What is being asked: Only an exact repeat of the listing, without its images, counts as the answer.

··· Raw data

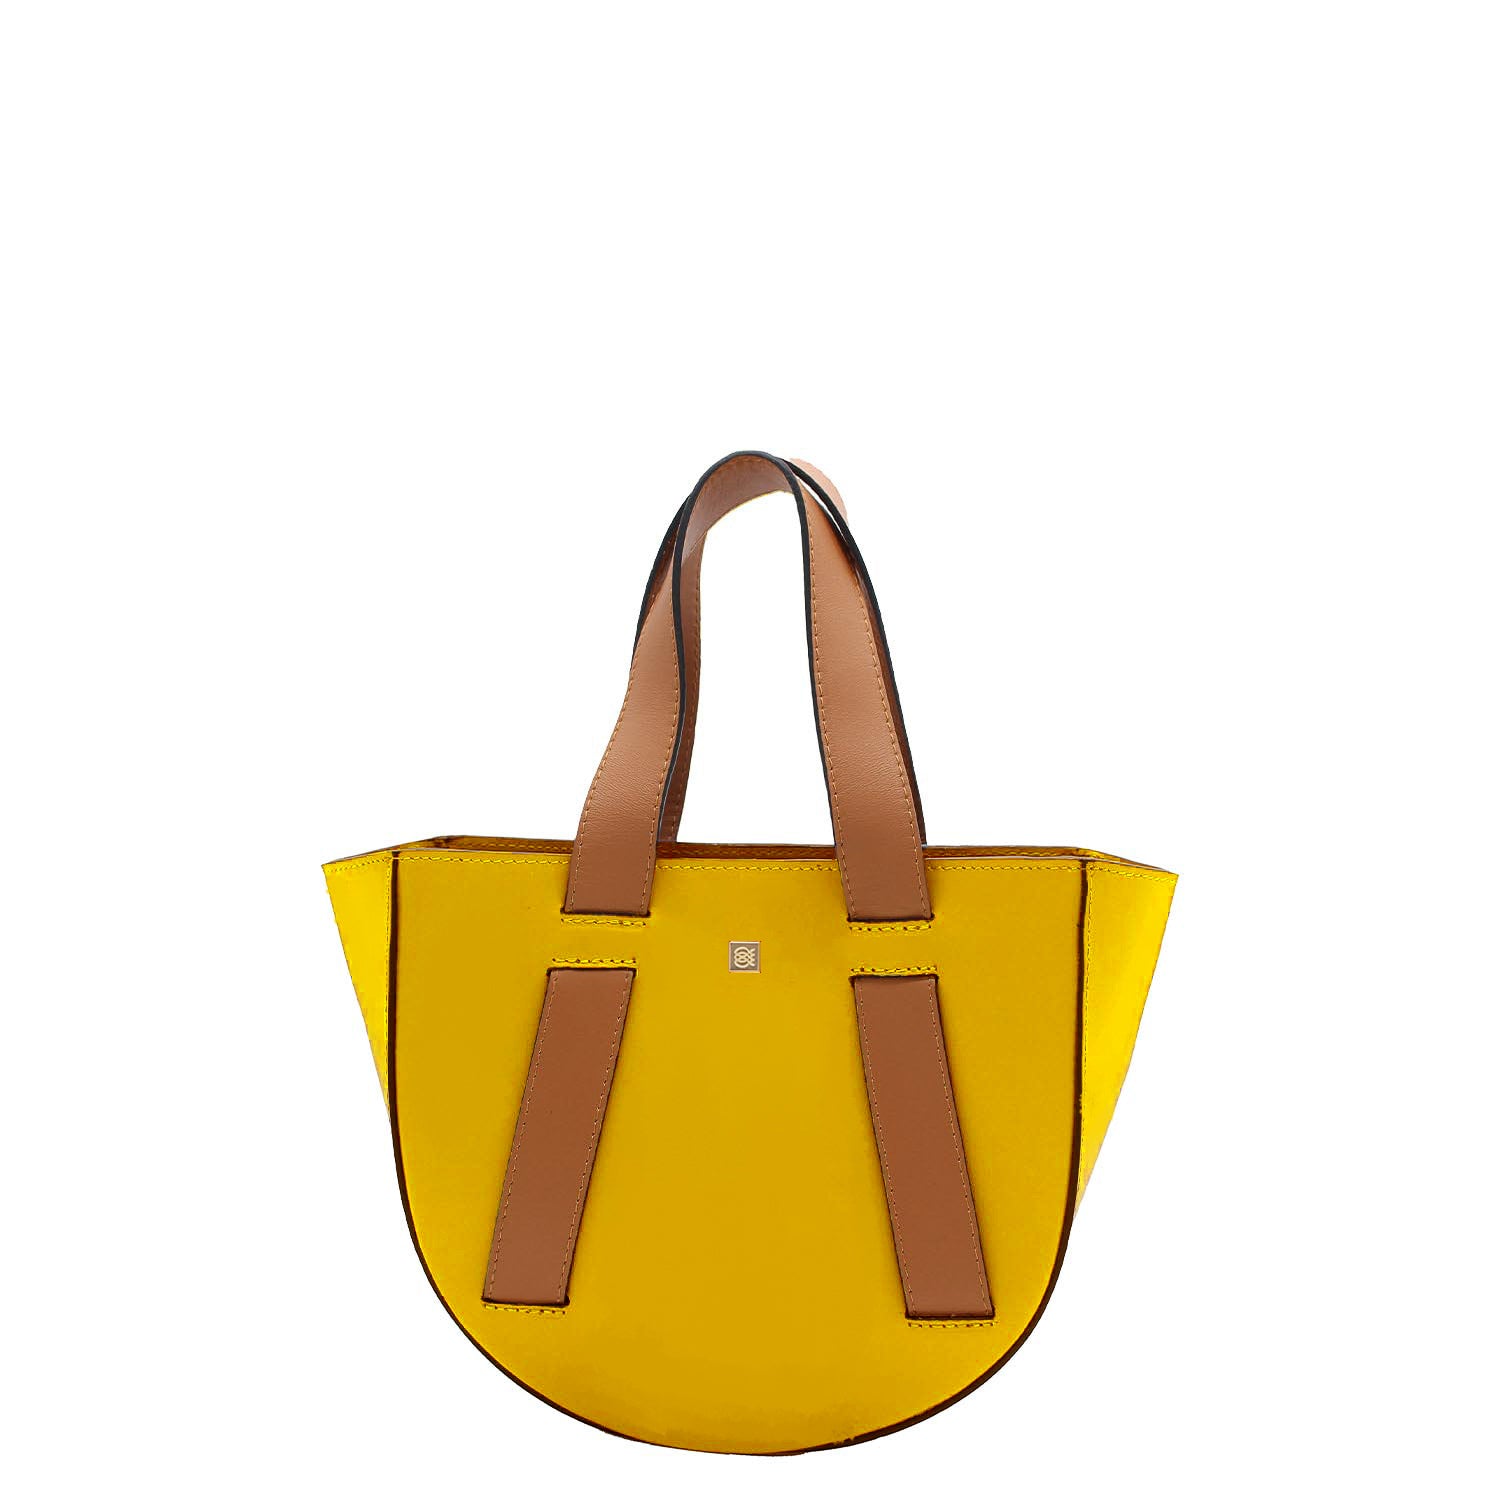 Burlington Small Handbag Purse Made in Italy Camel Color Crossbody
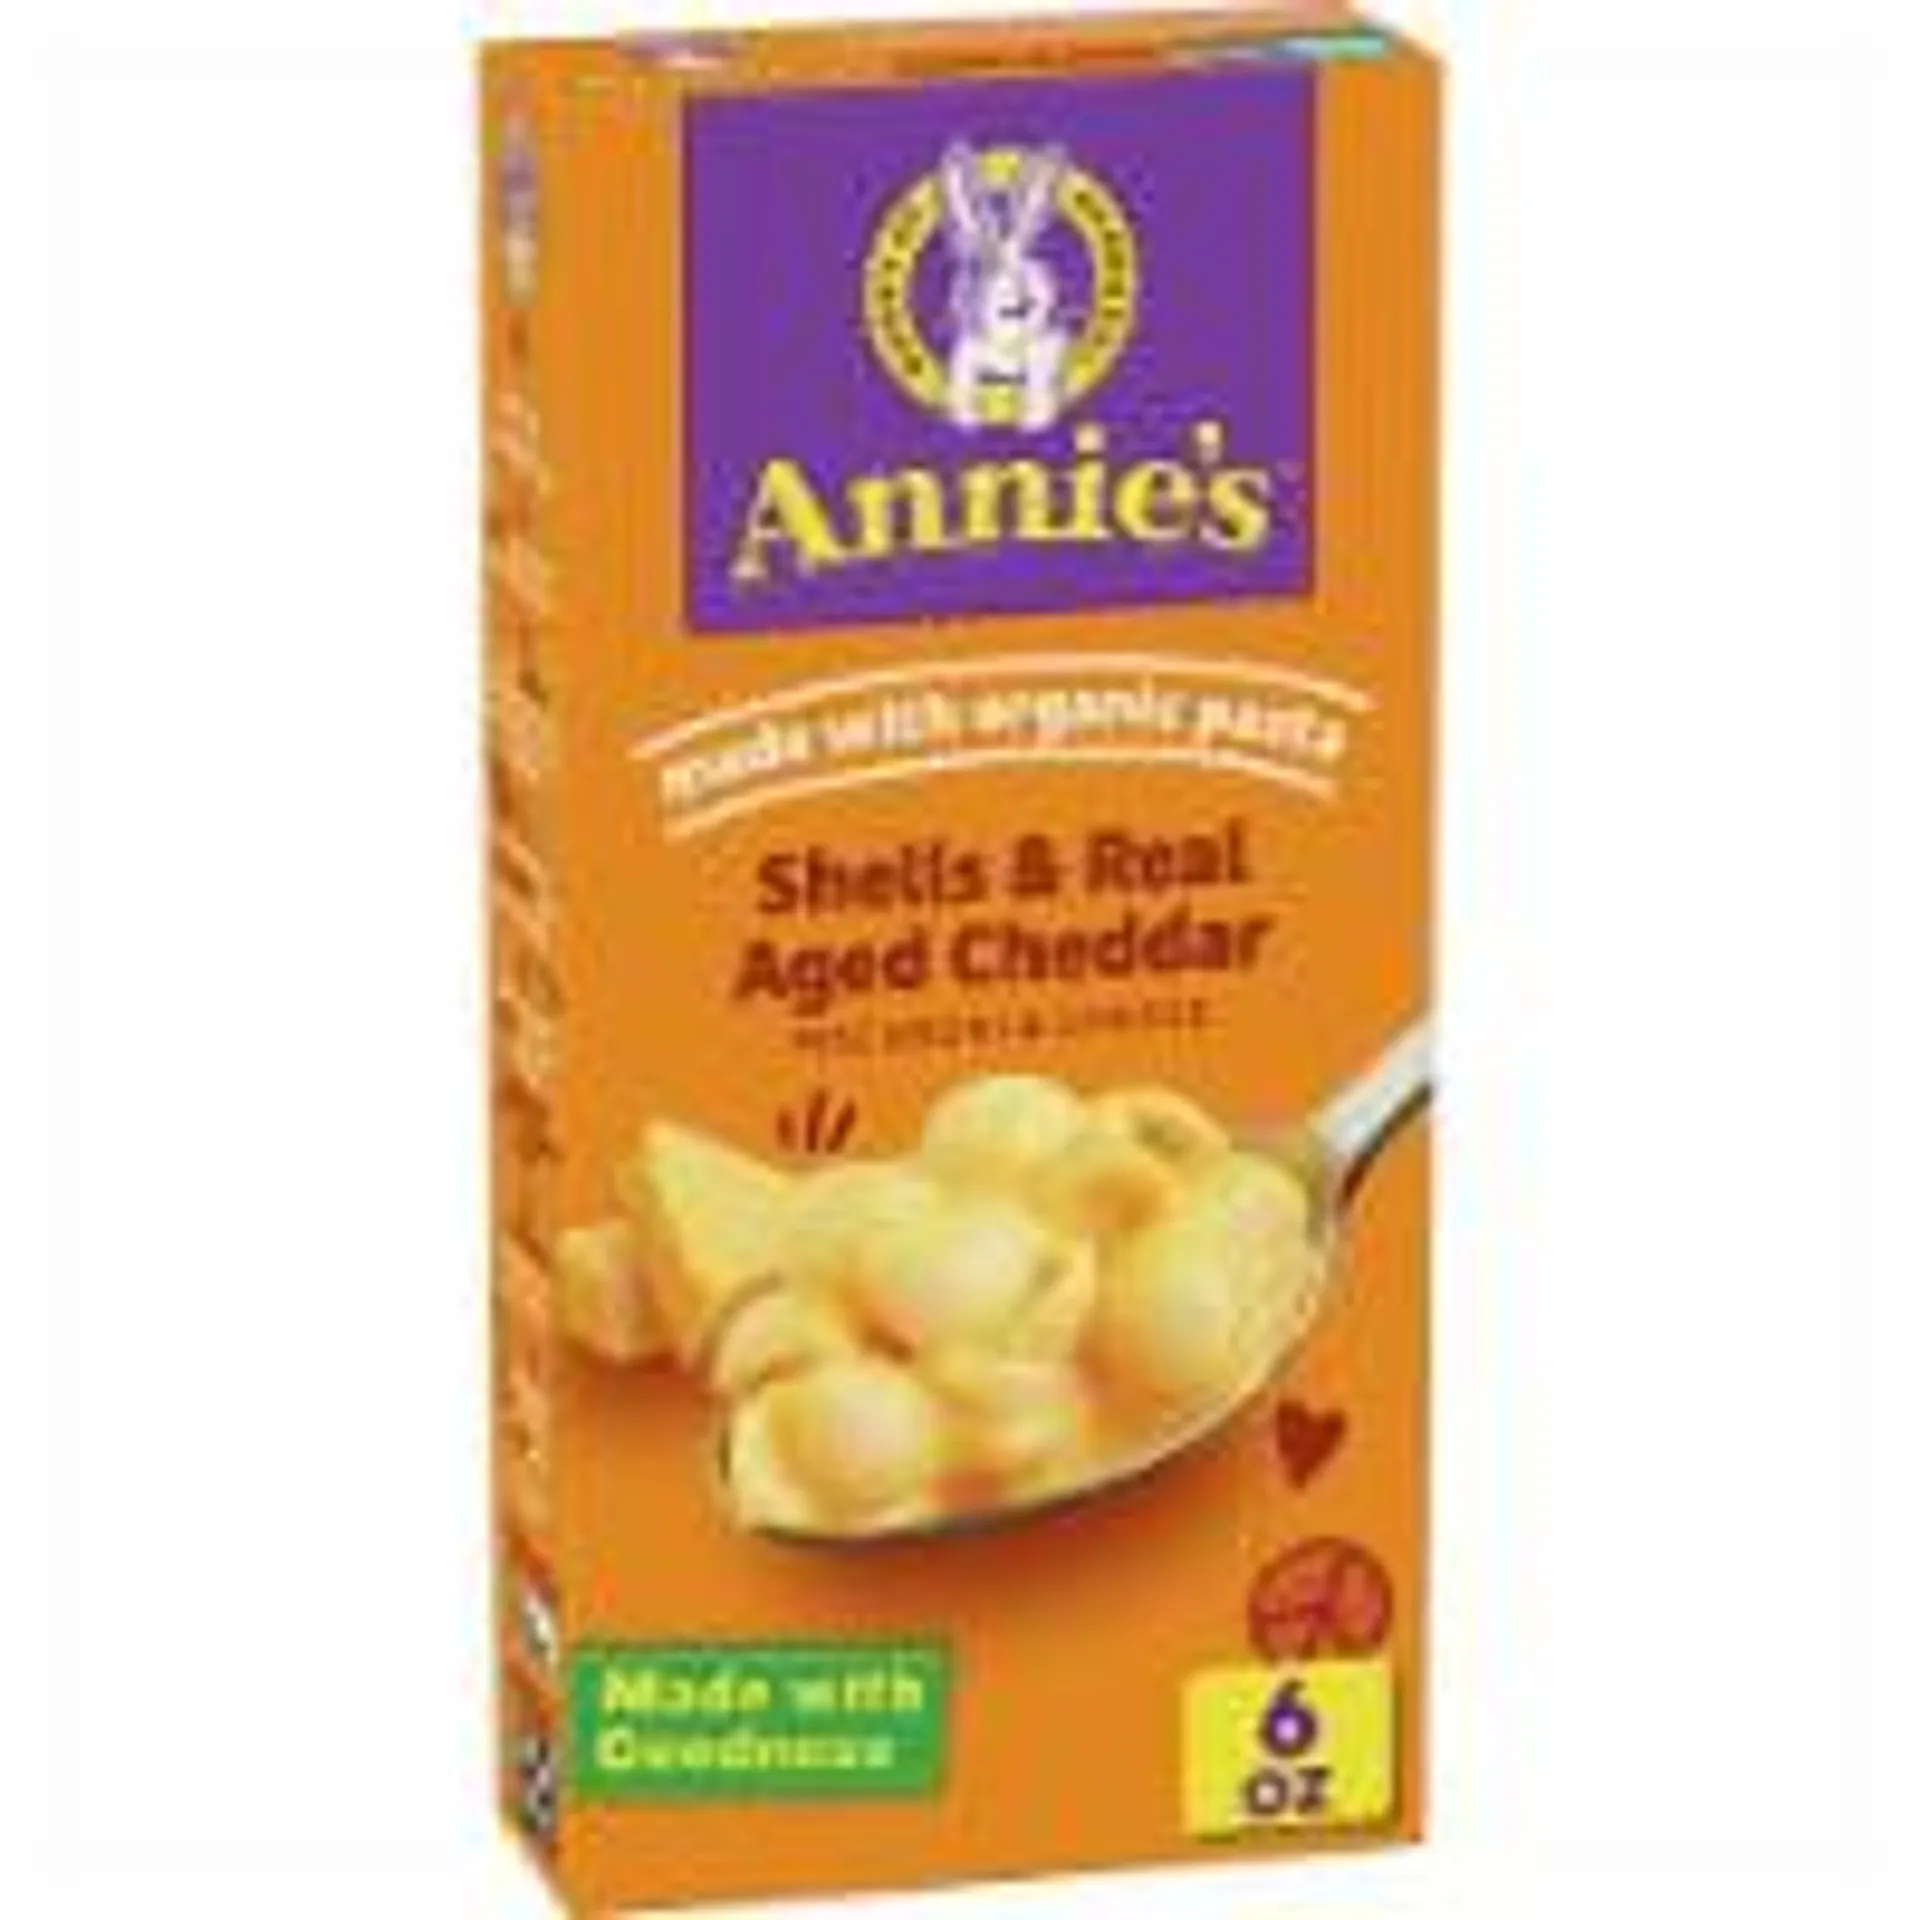 Annie’s Organic Real Aged Cheddar Shells Mac N Cheese Macaroni and Cheese Dinner
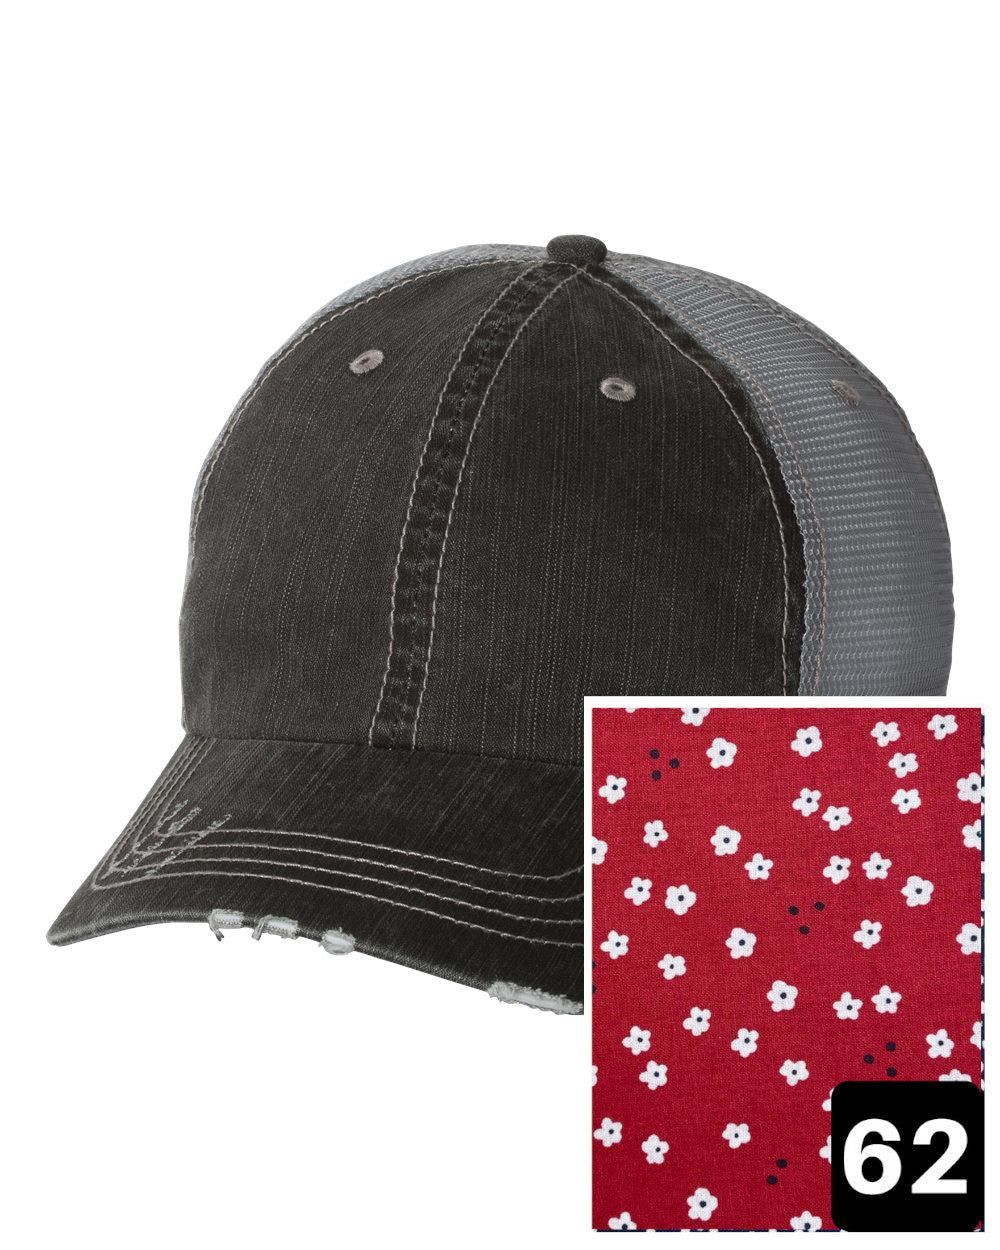 Utah Hat | Gray Distressed Trucker Cap | Many Fabric Choices
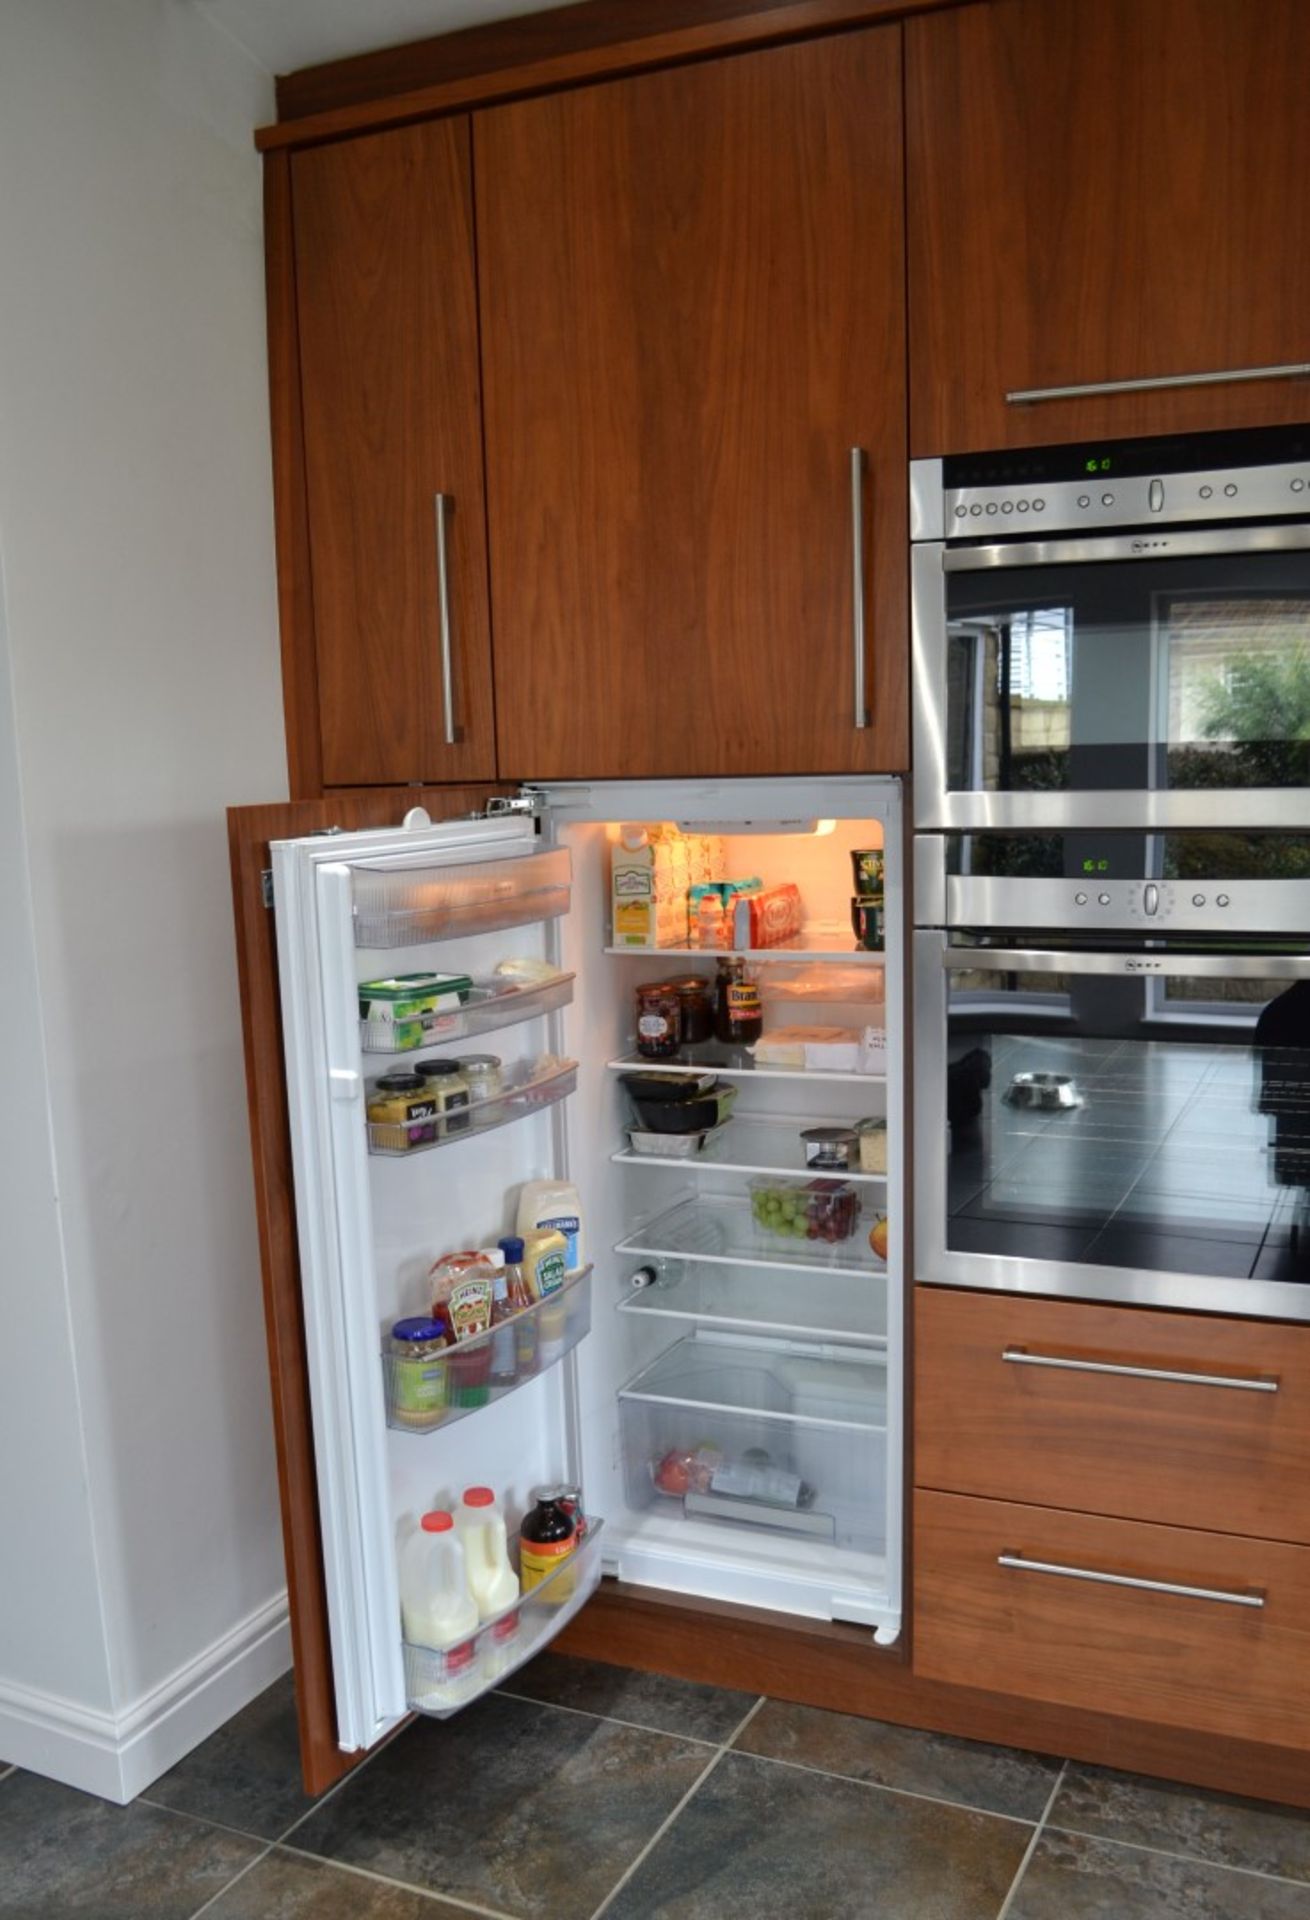 1 x Kitchen Design Bespoke Fitted Kitchen With Silestone Worktops & Neff Appliances - Superb - Image 50 of 59

······

Written solution:
 Burlington Small Handbag Purse Made in Italy Camel Color Crossbody
 Annie’s Organic Real Aged Cheddar Shells Mac N Cheese Macaroni and Cheese Dinner
 Utah Hat | Gray Distressed Trucker Cap | Many Fabric Choices
 1 x Kitchen Design Bespoke Fitted Kitchen With Silestone Worktops & Neff Appliances - Superb - Image 50 of 59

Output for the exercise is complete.